Luciani also wanted to make it clear that the “baseline” established by next month’s tests should be for information purposes only and not used as a baseline for limits of chemical levels since the soil has already had years of treatment.

Luciani also wanted the property’s proximity to a wetland factored into the testing and the recommendations. Bianchetto said that he would be trying to balance both the health of the pond and the health of the grass.

Commissioner Frank Calandra suggested that it would make sense to also test the water in the pond itself to get baseline levels there as well.

But Bianchetto worried that the Commission would automatically assume that the Heron Pond fertilization program was responsible for the chemical levels in the pond. Fiore suggested that whatever was found in the water could be coming from anywhere in the watershed.

Conservation Agent Elaine Vreeland was concerned that if the condo complex limits fertilizer within the 100-foot buffer but continues to use high levels outside the buffer, it could still find its way into the pond.

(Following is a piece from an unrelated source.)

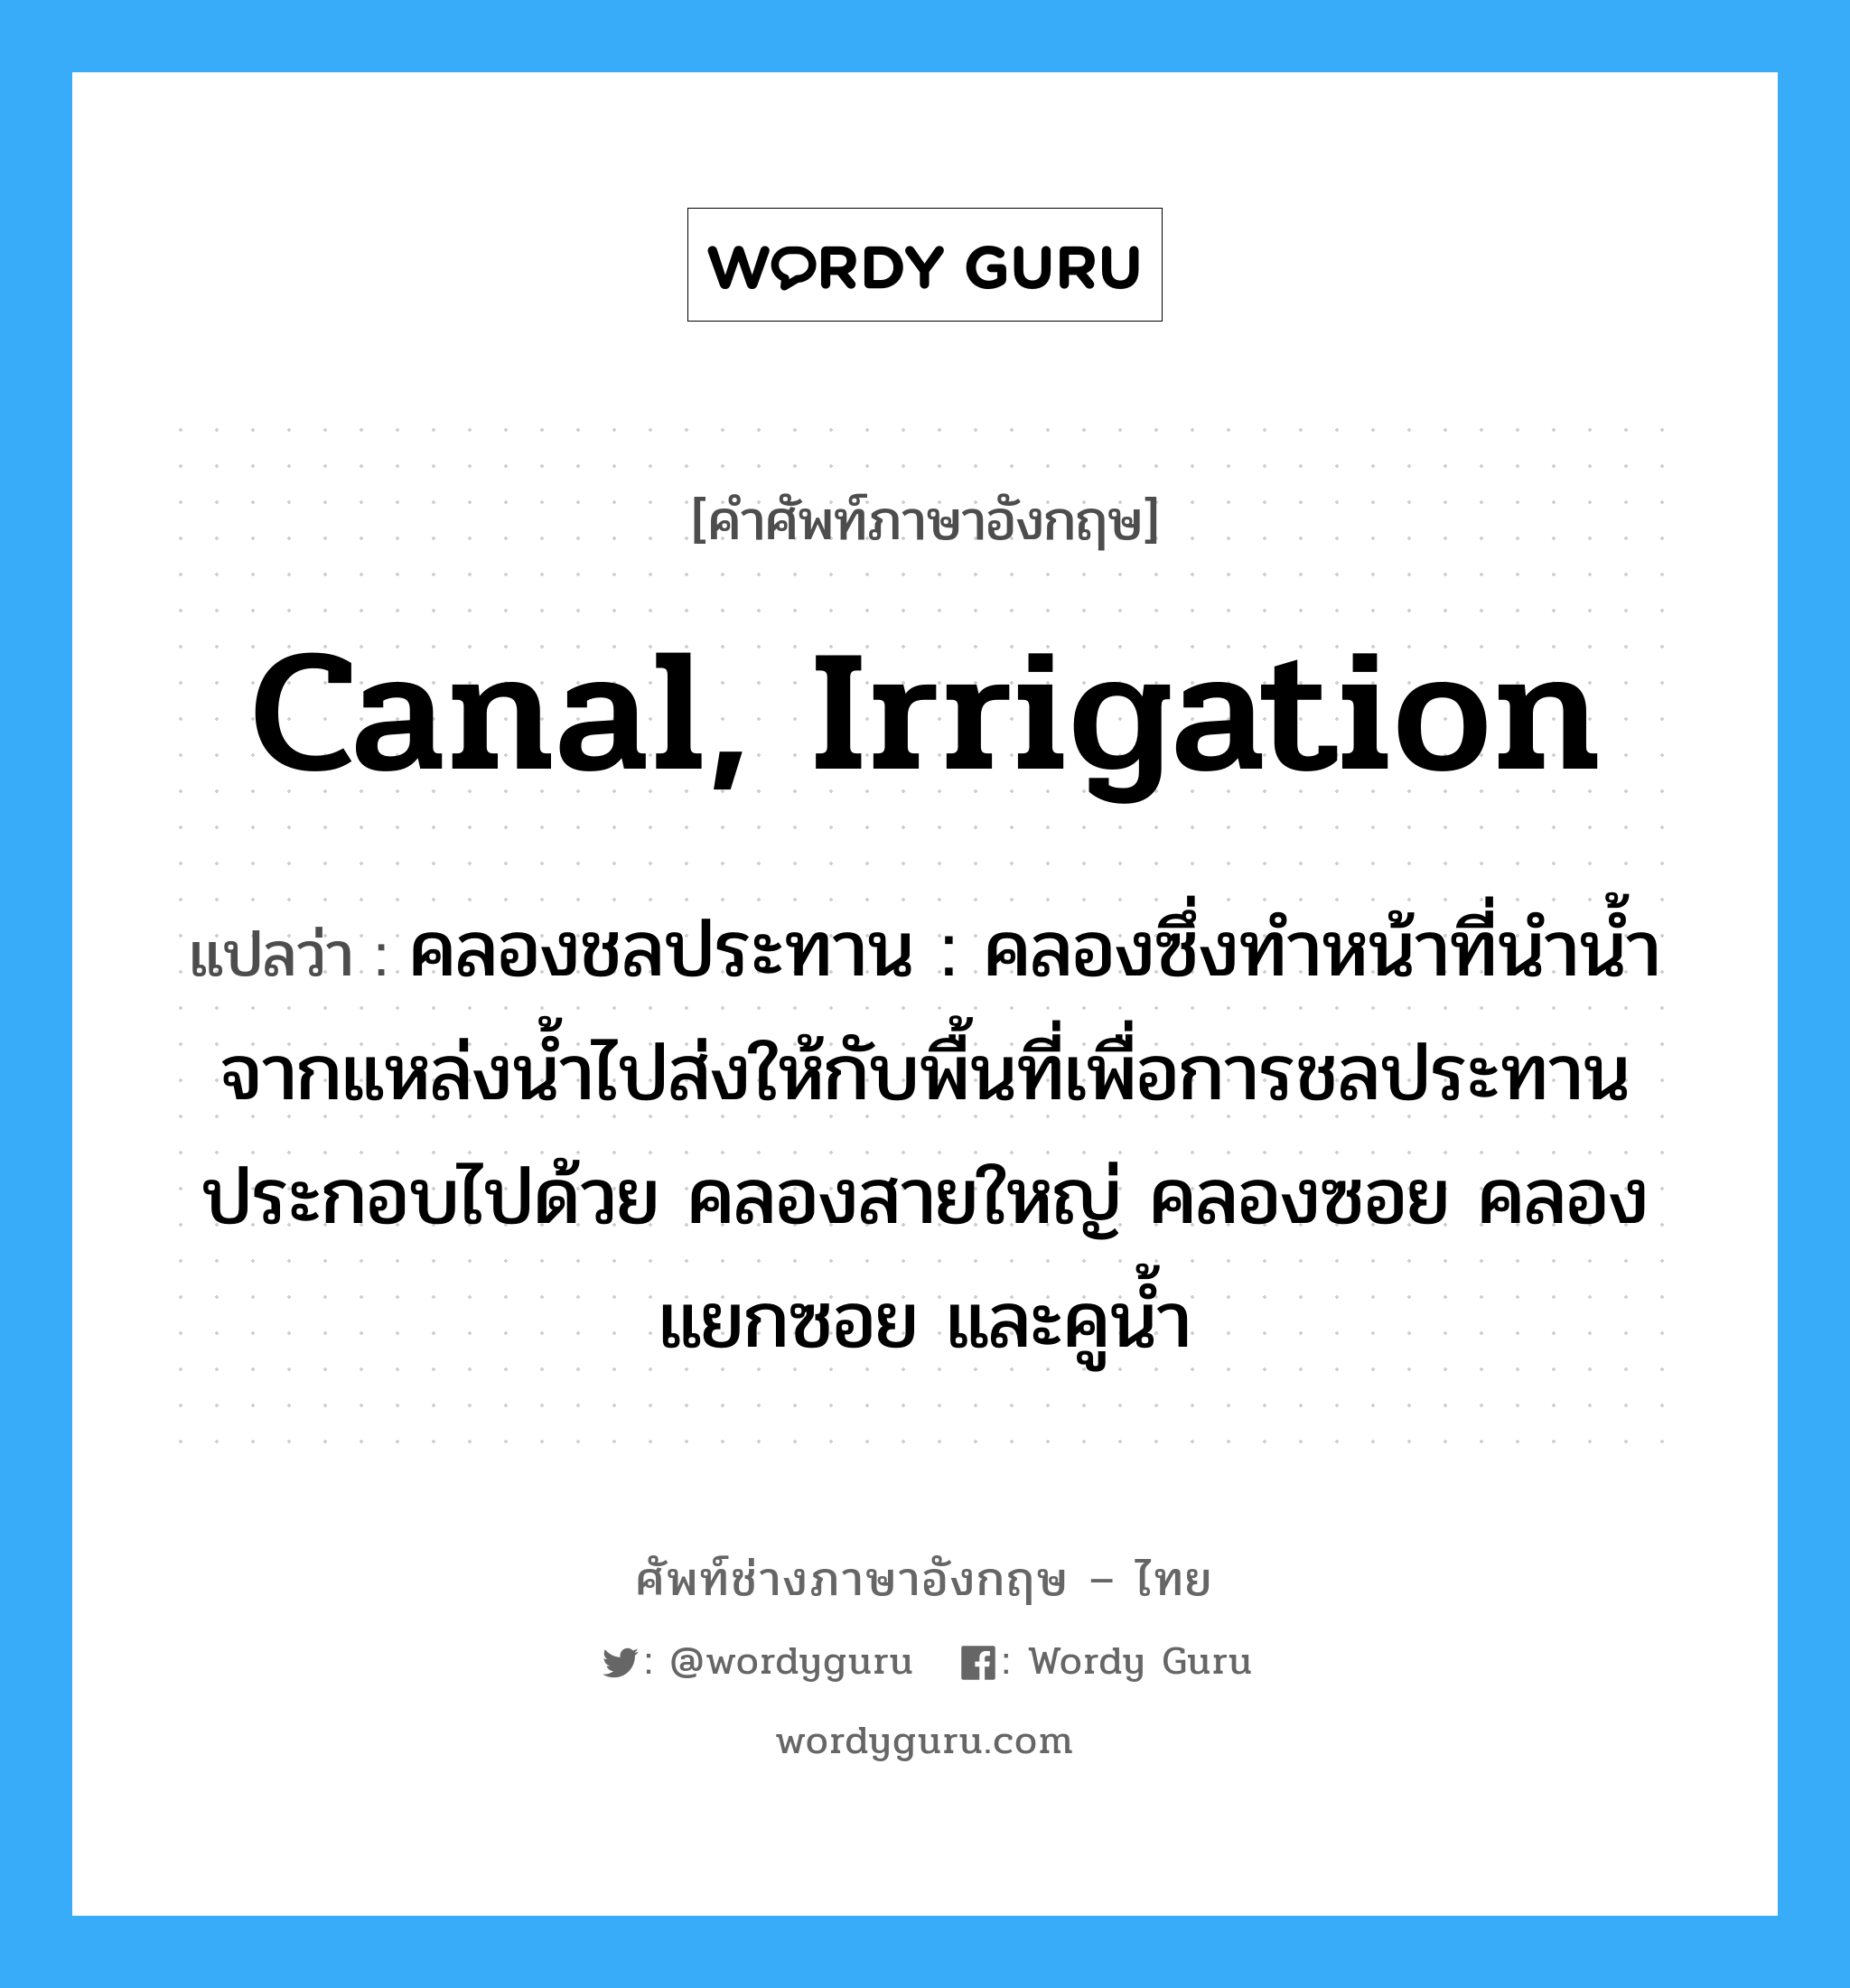 canal, irrigation แปลว่า?, คำศัพท์ช่างภาษาอังกฤษ - ไทย canal, irrigation คำศัพท์ภาษาอังกฤษ canal, irrigation แปลว่า คลองชลประทาน : คลองซึ่งทำหน้าที่นำน้ำจากแหล่งน้ำไปส่งให้กับพื้นที่เพื่อการชลประทานประกอบไปด้วย คลองสายใหญ่ คลองซอย คลองแยกซอย และคูน้ำ

The commission decided that it would take its own water samples from Heron Pond for testing. Luciani also wanted Heron Pond to test soils on the side of the pond opposite the condos to get a baseline of what the condo soils might have looked like prior to years of treatment and to see if there might be another source of nutrients going into the pond.

Vreeland agreed with Fiore’s suggestion that storm water discharged into the pond was a possible source of some of the nutrients in the pond. She proposed that in conjunction with the soil testing the commission also do its own testing near storm water outlets before and after a storm in order to get a more complete idea where the nutrients were coming from.

All parties also agreed to document the pond via monthly photographs as part of the turf management plan.

It was anticipated that the draft turf management plan would be presented at a ConCom meeting in April.